A) I had a perfectly good full time self employed business where I was which I gave up to support his career and not live apart. I was completely financially independent for years! I feel he's making it sound like I'm living off him, which in turn makes me feel crap.

B) I still own a property where we lived and am solely responsible for paying the continuing bills there, so am already spending savings on that. The plan is to return there for holidays etc. He doesn't contribute to its upkeep, that's all on me.

C) He has started going on about how we need the money and I need to be out working. I feel like he resents paying for me and my child. He earns 6 figures. He does have a costly outgoing as he (admirably) supports 2 children from his previous marriage (one is an adult so continuing to support his ex wife for that child is in my opinion ridiculous, but that's not worth an argument as bringing that up never ends well). I understand there is a lot of money going out, but some of that is his choice and I feel like while he doesn't mind spending on his kids, he somehow does mind spending it on our own family.

I'm really quite upset about this in the light that I've personally lost over £2k a month because of this move and now he's going on and on about pimping me back out to the labour market.
The thing is, I want to set up again here in time, I DO want to be working and out meeting people, I just didn't expect him to be so focused on getting me back out there, not to mention asking me to contribute hundreds of my savings a month when I'm not earning.

Am I right to feel like this is off, or should I be out there getting a job immediately? I'm very confused by his attitude and it's not helping with my homesickness.

OP posts:
Bluntness100 · 03/09/2019 15:56

I agree, it's time to have an honest conversation.

You need to explain what you want from him financially. When you intend to start your business. Honestly when you expect to start it. How long it will take to get up and running. How long you expect financial support from him and for how much. Be realistic. Not being honest only causes resentment.

And then he can make his decision. Clearly he's not being presented with something different to what was agreed. You need to have a fall back option. For example you moving home with your child and seeing each other at weekends. Whatever.

But you now need to be honest with him here.

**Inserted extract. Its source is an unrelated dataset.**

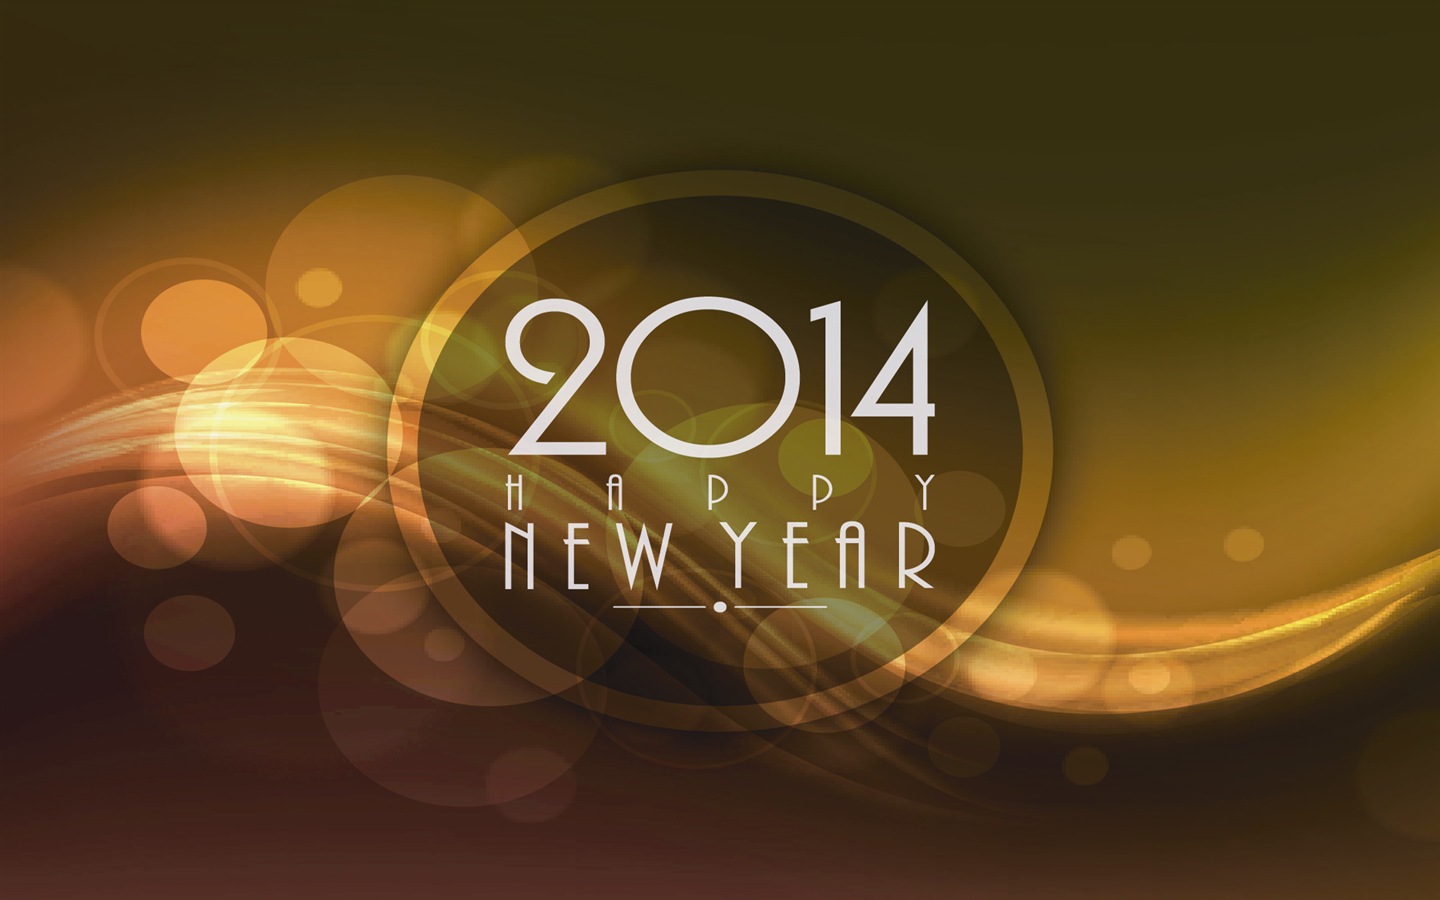 2014 New Year Theme HD Wallpapers (1) #4 - 1440x900
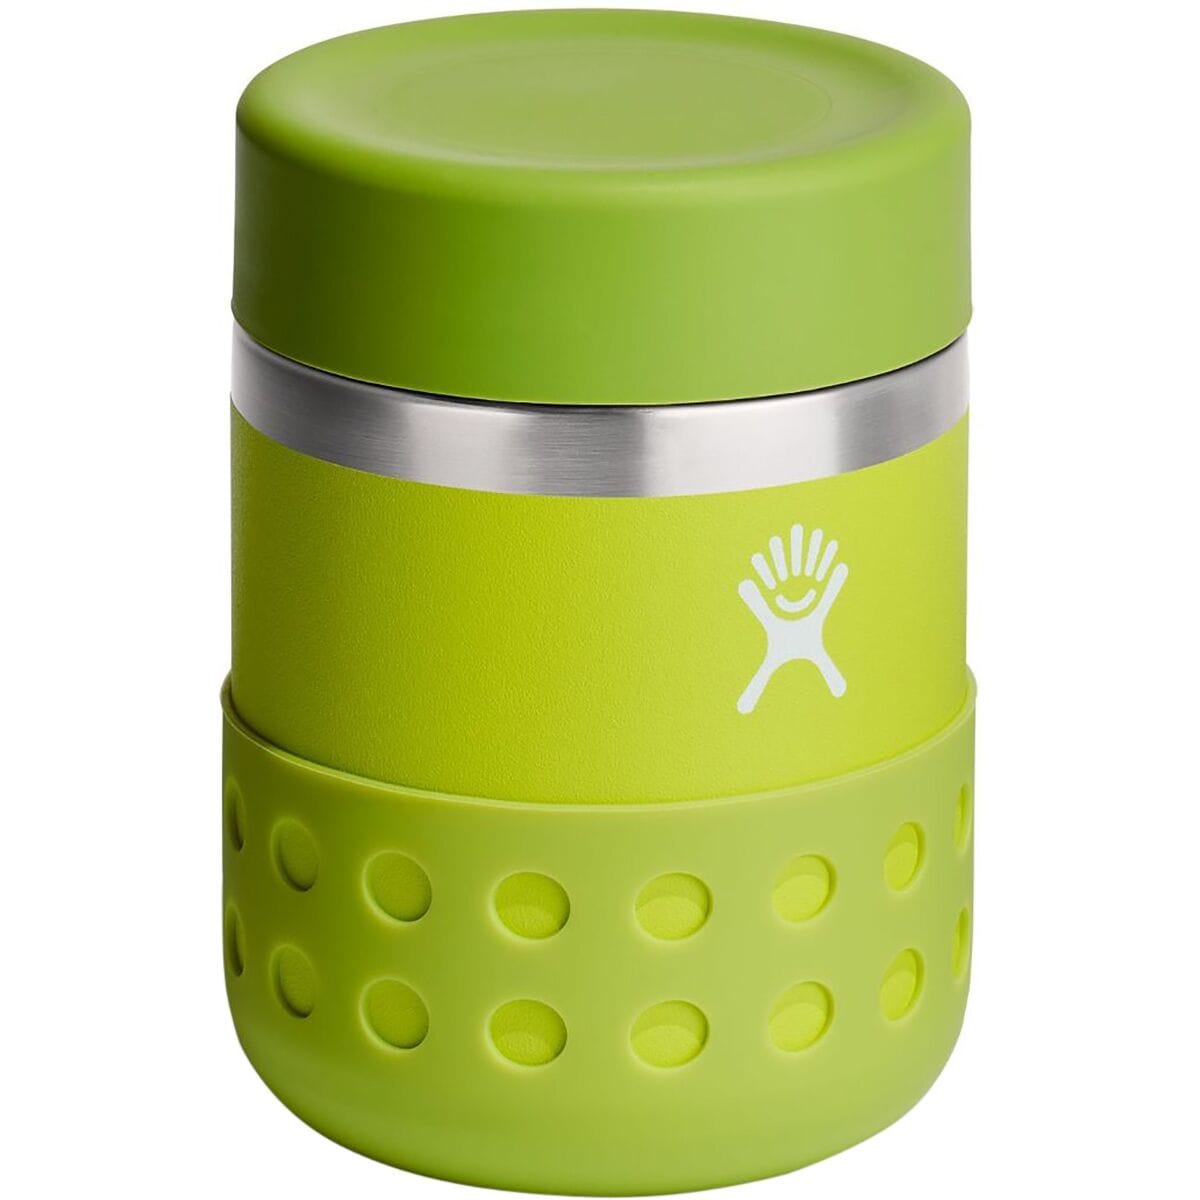  Hydro Flask 12 oz. Kids Insulated Food Jar - Stainless Steel  with Leak Proof Cap, Honeydew : Home & Kitchen

Annasgirl · 03/09/2019 16:08

I cannot believe OP that one of your reasons for staying put in this bad situation that you are clearly unhappy in, is that you will look bad of you go home!!! Jesus woman, you are in your 40's with a teenage son, so what if you look bad - who is seriously looking at you? Take it on the chin, chalk it up and go home and retake your business before it is too late. You are depressed at the moment but that is because you know, deep down, that this is all wrong. And you are trying to cover for him because you do not want us on Mumsnet to think badly of you (lets face it, you are worried what your old friends and family will think but really they all want you to be safe, be financially solid, and be content in yourself - can you honestly say one of those three exists right at this moment?

Also, how long were you together before you moved and why is the house in his name only if you are planning to marry next year? (don't get married, just go home).

TinyTear · 03/09/2019 16:21

is your business something that needs in-person contacts?

hairdressing, cleaning, some sort of personal contact?

could you have your old clients give you references and testimonials to help you get started?

SunshineCake · 03/09/2019 16:22

If he genuinely said stuff to encourage you he won't be saying it again will he, now he knows it is upsetting you and not helping. Will he?

TatianaLarina · 03/09/2019 17:25

I understand why you’re slightly floundering with the move and why you don’t want to start work building up a new business immediately until you’ve found your feet. People who’ve never had their own business have no idea what hard work it is.

That is ok, and I think it’s fair enough.

What I don’t understand why you’re not already renting out your house to cover your income in the mean time.

I don’t see why your partner can’t fund you for a couple of months rather than eating into your savings, but I can understand why he would need a end point to that, where your income will start again.

GammaStingRay · 03/09/2019 17:57

If he genuinely said stuff to encourage you he won't be saying it again will he, now he knows it is upsetting you and not helping. Will he?

Yes, god forbid this man who’s currently paying for all of OP and her child’s needs want to know what her plans are for work/contributing. He should shut up and open his wallet, right Hmm

sonicshoegazes · 03/09/2019 18:48

I'd move back as well op, you had a life there, friends, independence and I presume, family support.

This sounds like it could get abusive-financially controlling you and isolating you screams of it to me.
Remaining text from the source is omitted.